When that happens, infection might take place. But because your immune system knows what’s up when it comes to COVID, you are much more likely to clear the bug out of your system faster, and with fewer awful symptoms.
Yes, you can get COVID-19 after being vaccinated. But it's different from getting COVID-19 as an unvaccinated person: Your body is equipped with defenses it didn't have before.
A breakthrough does NOT put your body back at its immunological square one.https://t.co/X5HRoTm53C
— Katherine J. Wu, Ph.D. (@KatherineJWu) July 26, 2021
In light of all that’s going on, many public health experts are urging even fully vaccinated folks to go back to taking precautions, including masking up indoors again. Vaccines still are amazing and miraculous but with so much highly transmissible virus circulating, taking a “layered” approach to protection is starting to make the most sense, as Andy Slavitt explains.
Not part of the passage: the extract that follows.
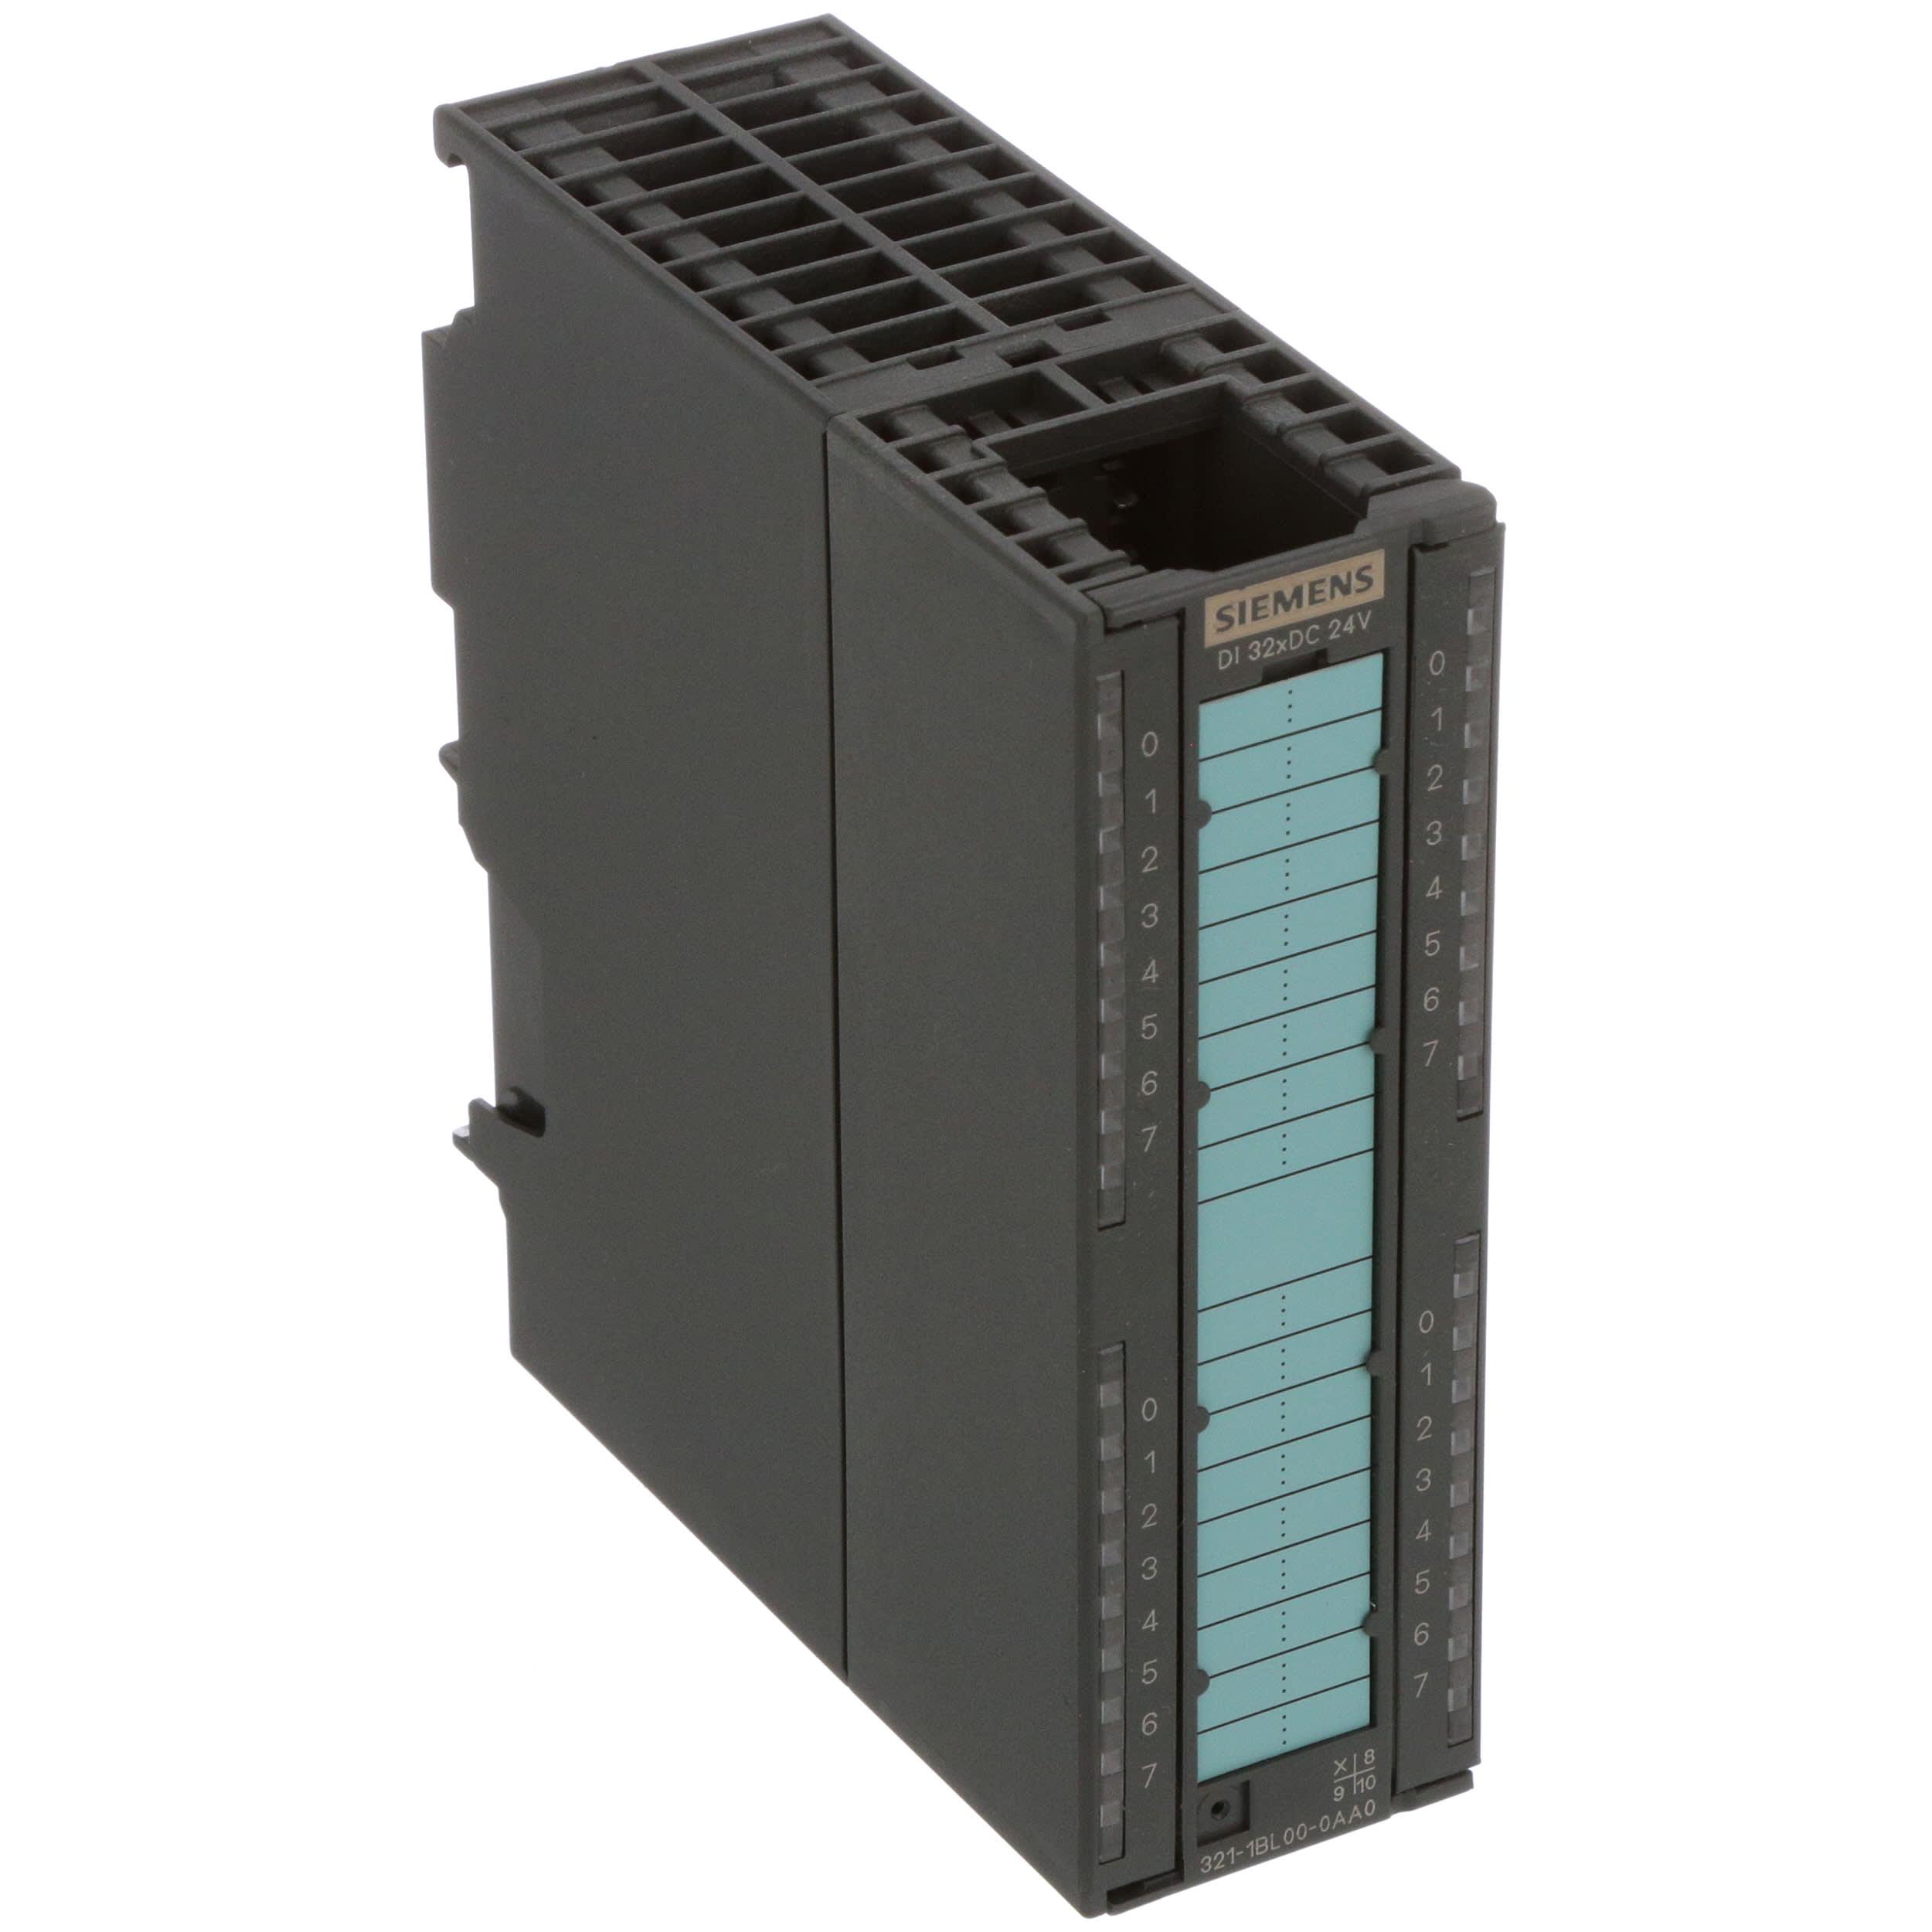 1x Siemens Simatic 6ES7 321-1BL00-0AA0  6ES7321-1BL00-0AA0 DI 32xDC24V
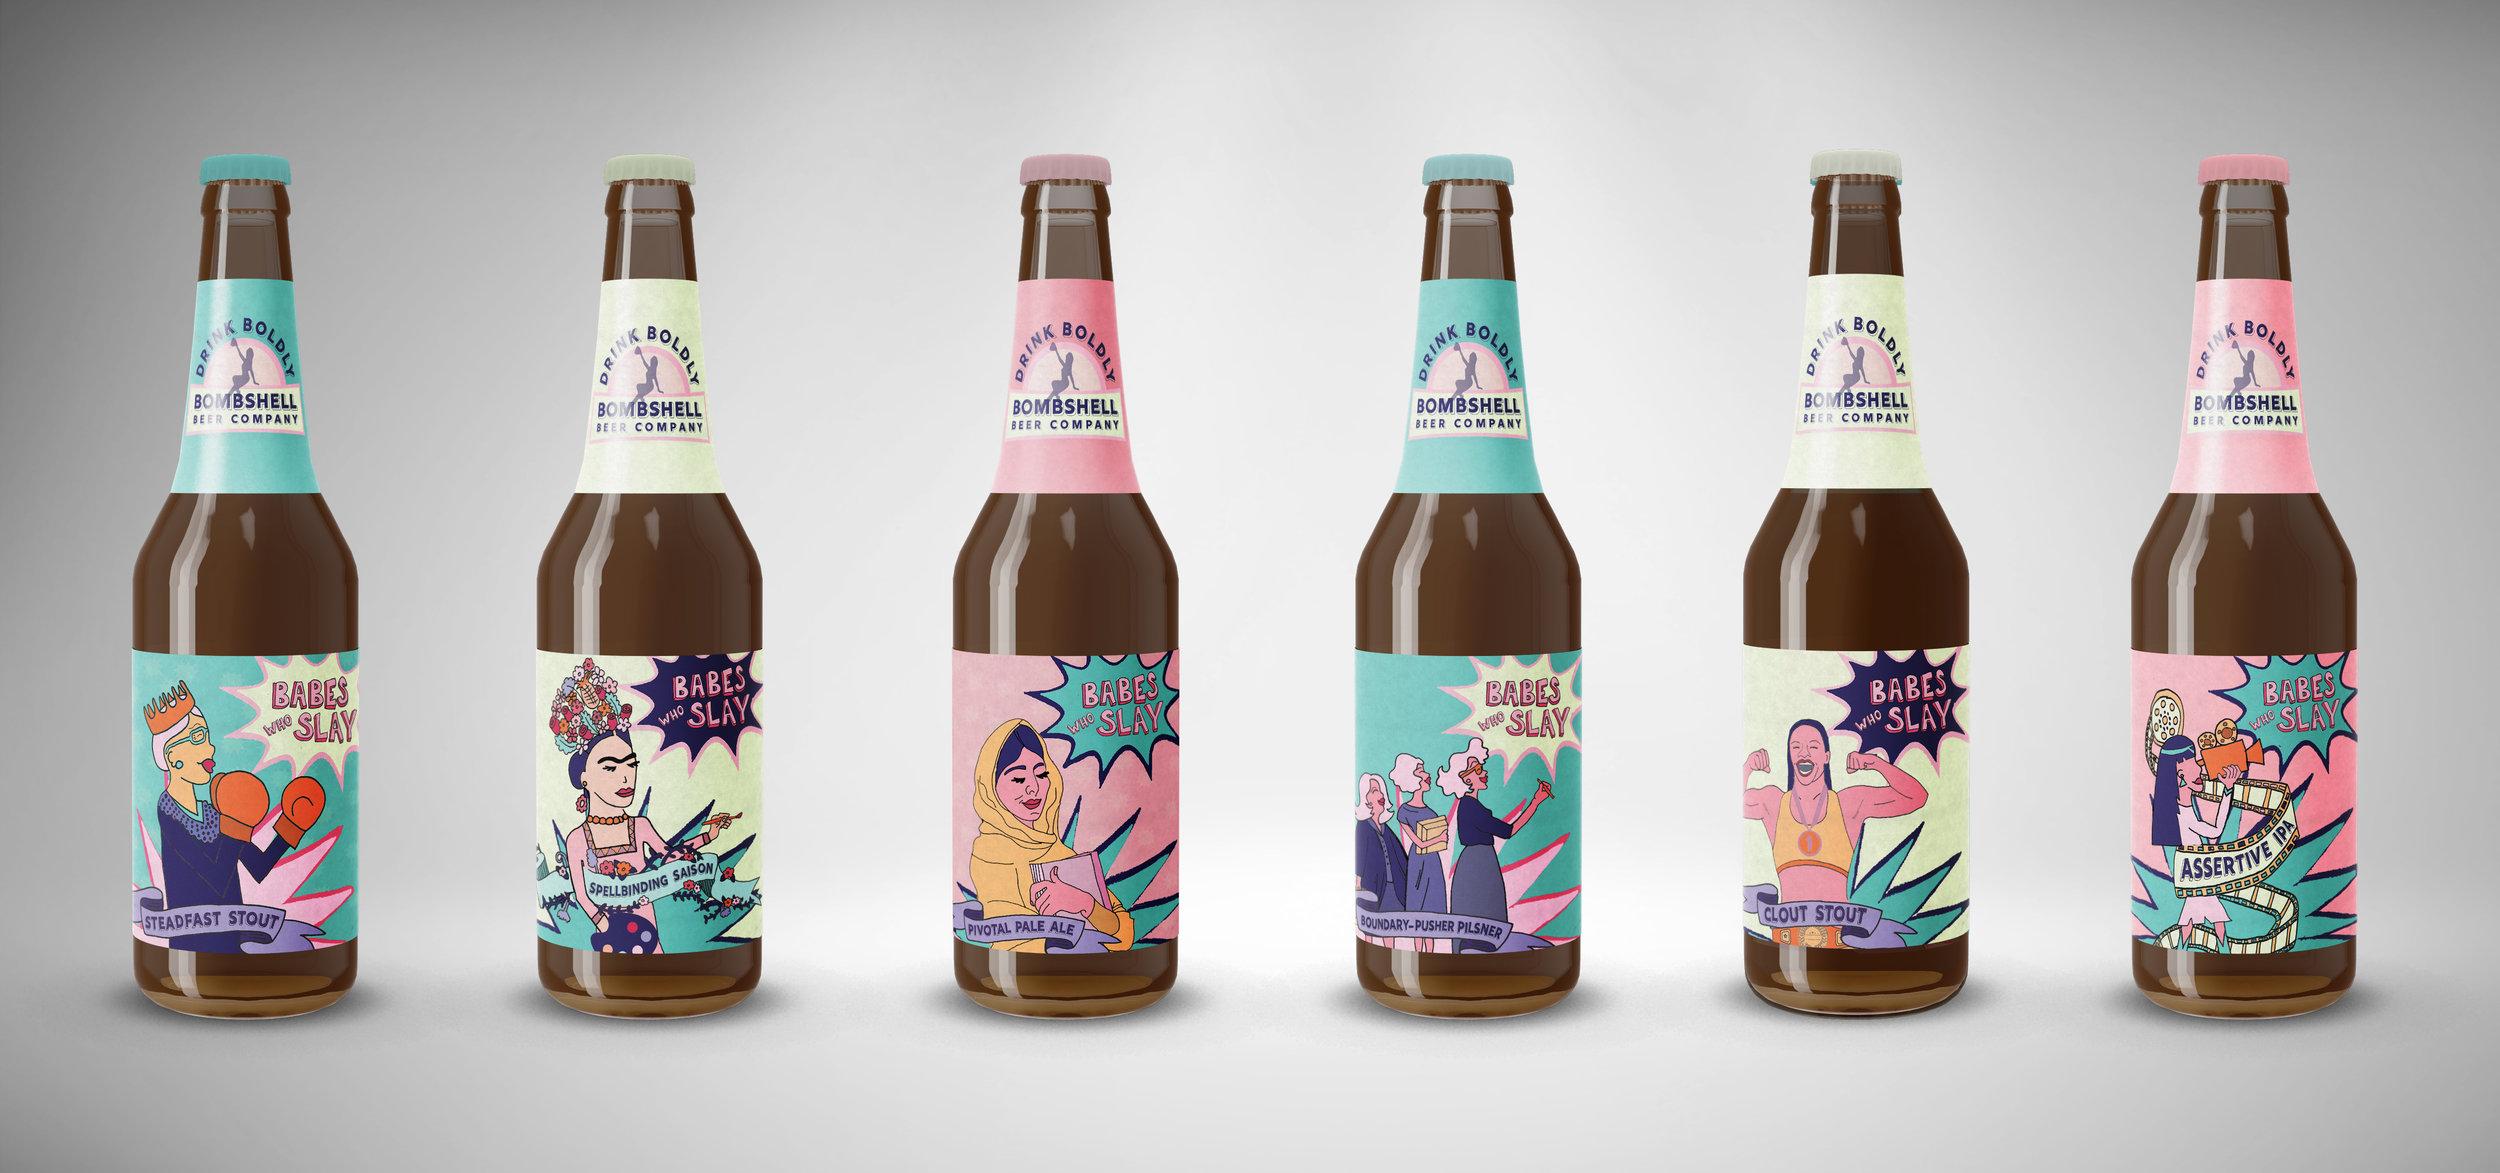 All six bottles together.jpg

I personally never stopped masking indoors, because I have a child at home who is too young to be vaccinated, and I want to do everything in my power to ensure that I don’t accidentally bring an infection home to him. Now that the chances of me getting a breakthrough infection have increased, I’m being more diligent than ever.
And of course, as Dr. Leana Wen points out, part of the problem is that so much of our country is still not vaccinated. So when you have both a much more highly contagious variant, and many unvaccinated people getting infected with it, you are just going to have more virus circulating, increasing the likelihood that vaccinated people will catch it.
It is both true that vaccines are highly effective AND that breakthrough infections happen. Actually, the risk of breakthrough infections underscores why the vaccinated SHOULD care if we are surrounded by unvaccinated people: The choices of some impact everyone’s health. pic.twitter.com/U0T3QrHbyq
— Leana Wen, M.D. (@DrLeanaWen) July 24, 2021
This underlines the point, yet again, that this pandemic is a group project. It’s not just about individual protection: the vaccines hold up best if large swaths of the population are vaccinated. Delta is proving that we are just not there yet.
So can y’all unvaccinated folks hurry up and get vaccinated so those of who did the right thing don’t have to continue shouldering the burden of all this? Pretty please? Asking on behalf of America.